I always just tape it to the back of the tank.


----------



## slojko (Mar 5, 2012)

Jayy said:


> I always just tape it to the back of the tank.


that would work but i have an acrylic tank and the back of mine isn't clear


----------



## Jayy (Dec 23, 2009)

slojko said:


> that would work but i have an acrylic tank and the back of mine isn't clear


oh,ok.


----------



## Molinious (Jan 12, 2012)

Iv gone for a painted background, all black, i actually painted one of my tanks while full with fish in, silly i know but it didnt har them. I dont know how youd feel about this but if you click my link below you can see how it came out, after 5 coats! Mine are glass tanks so you have to find an acrylic paint


----------



## Tazman (Jan 15, 2012)

That background mounting solution works well for a few months and then starts to peel. I used it on my 75g tank which I changed the background on, it took 2 people to get it on. Best if you use two people anyway, as it can get quite messy trying to put it on by yourself.

No harm in taping it on either, you can use scotch tape which wont show as much.

If you are going to paint the tank, it is best to do it without having anything in it and also outdoors. Allows you to move it easily and get a good covering of paint. I painted my 55g with Krylon Fusion Black spray paint. Krylon Fusion is known to be aquarium safe.


----------



## AbbeysDad (Mar 28, 2011)

I haven't used a mounting solution but I'm intrigued about it.... my background is tapped on with scotch tape. On one of my water changes I got a little reckless an some water spilled outside on the glass between the background and the tank. This caused the background to adhere to the glass and what a difference - much more vibrant and real appearance. 

In a discussion with another fishkeeper long ago, they said they used vasoline and that it worked really well.
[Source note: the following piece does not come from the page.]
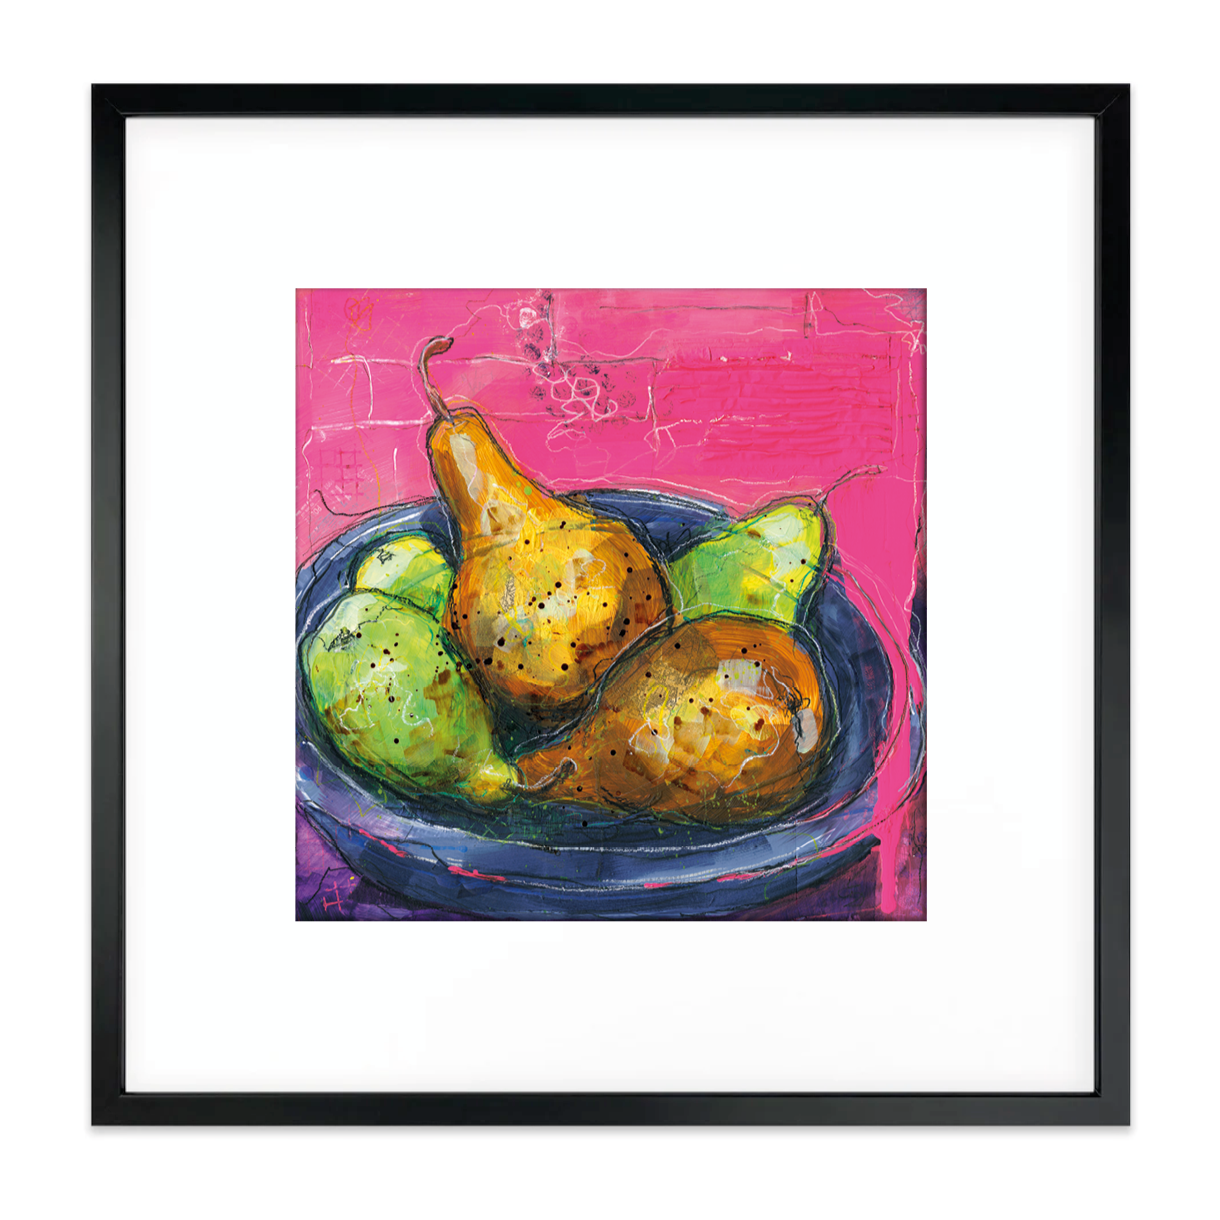 'Fruta - Pears' Contemporary Art Framed Print
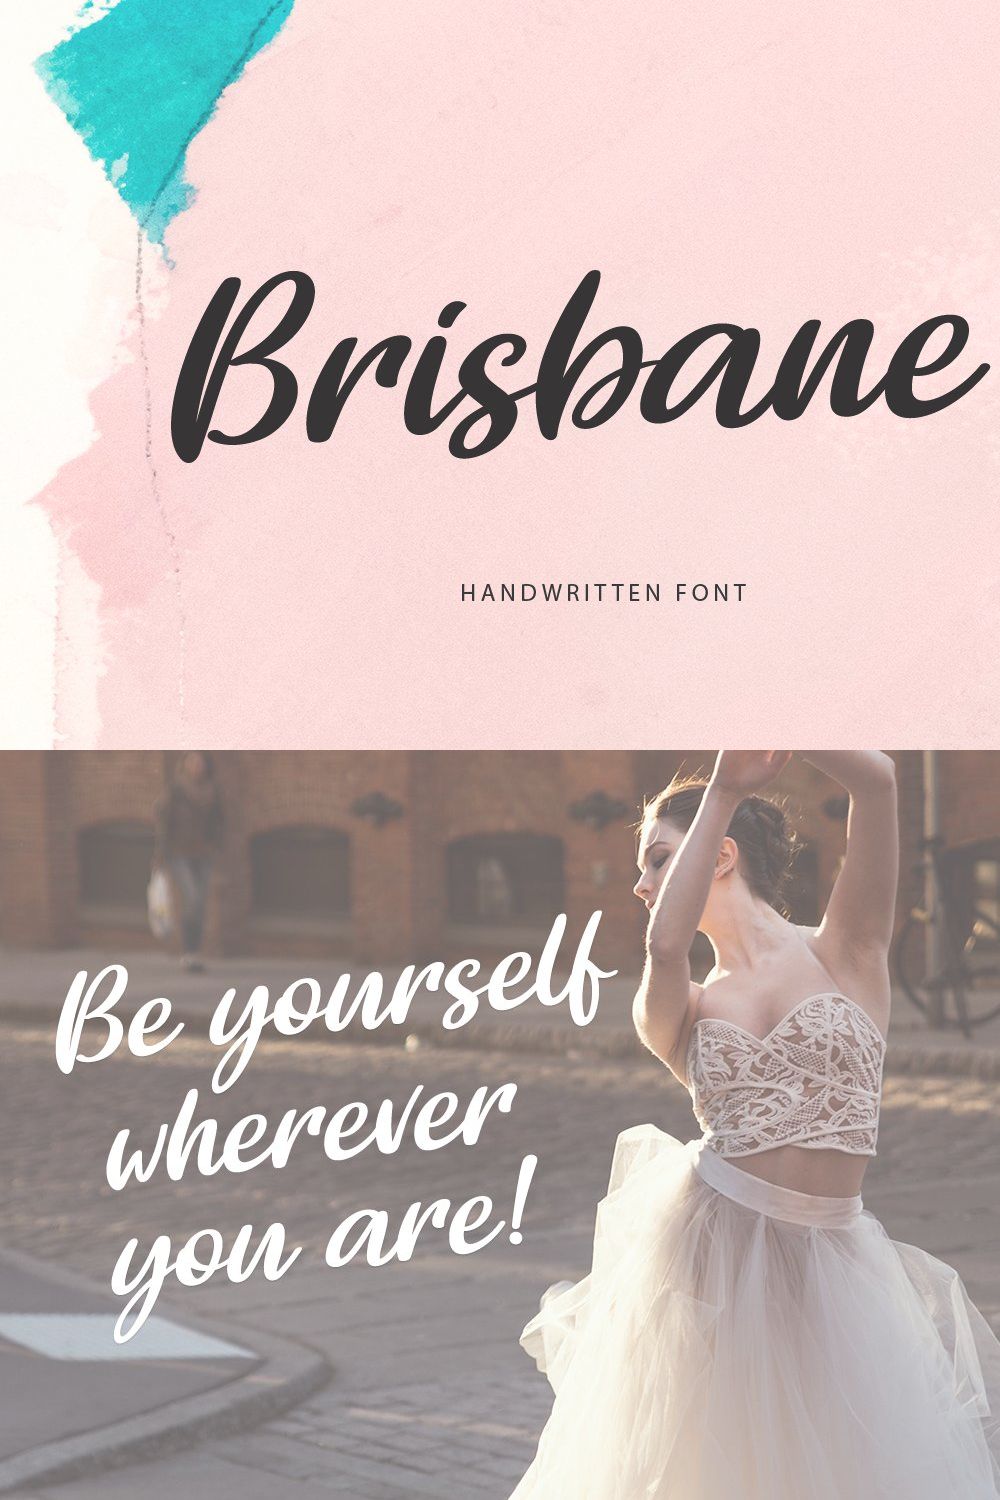 Brisbane pinterest preview image.

I'm thinking slightly thinning petroleum jelly would be better/easier to spread.
I'd also think any mounting 'solution' would be on the messy side, but could yield a much more vibrant display. (imagine cleaning it off later for some other treatment?)

It seems to me that any of these treatments are best performed with any empty tank or really good access to the rear. Mine is setup and in a corner. At 2 feet high and 4 feet long, getting at portions of the back would be no small task.

AD


----------



## Varkolak (Jun 9, 2012)

I've used mineral oil to mount backgrounds, works decently well just make sure you put lots on or you will end up with air bubbles


----------



## Tazman (Jan 15, 2012)

Even with the mounting solution or any solution for that matter, you need to run something smooth along the background to remove any air bubbles from it.

Mounting solution is very easy to apply to the background but as mentioned it requires decent access to the back of the tank and preferably someone to help put it on. It can be tricky with one person doing it by themselves.


----------



## AbbeysDad (Mar 28, 2011)

Mineral oil....hmmm - sounds much more 'user friendly' than vasoline. 
A sponge roller might apply it well...then a grout float to make good contact and remove air...?


----------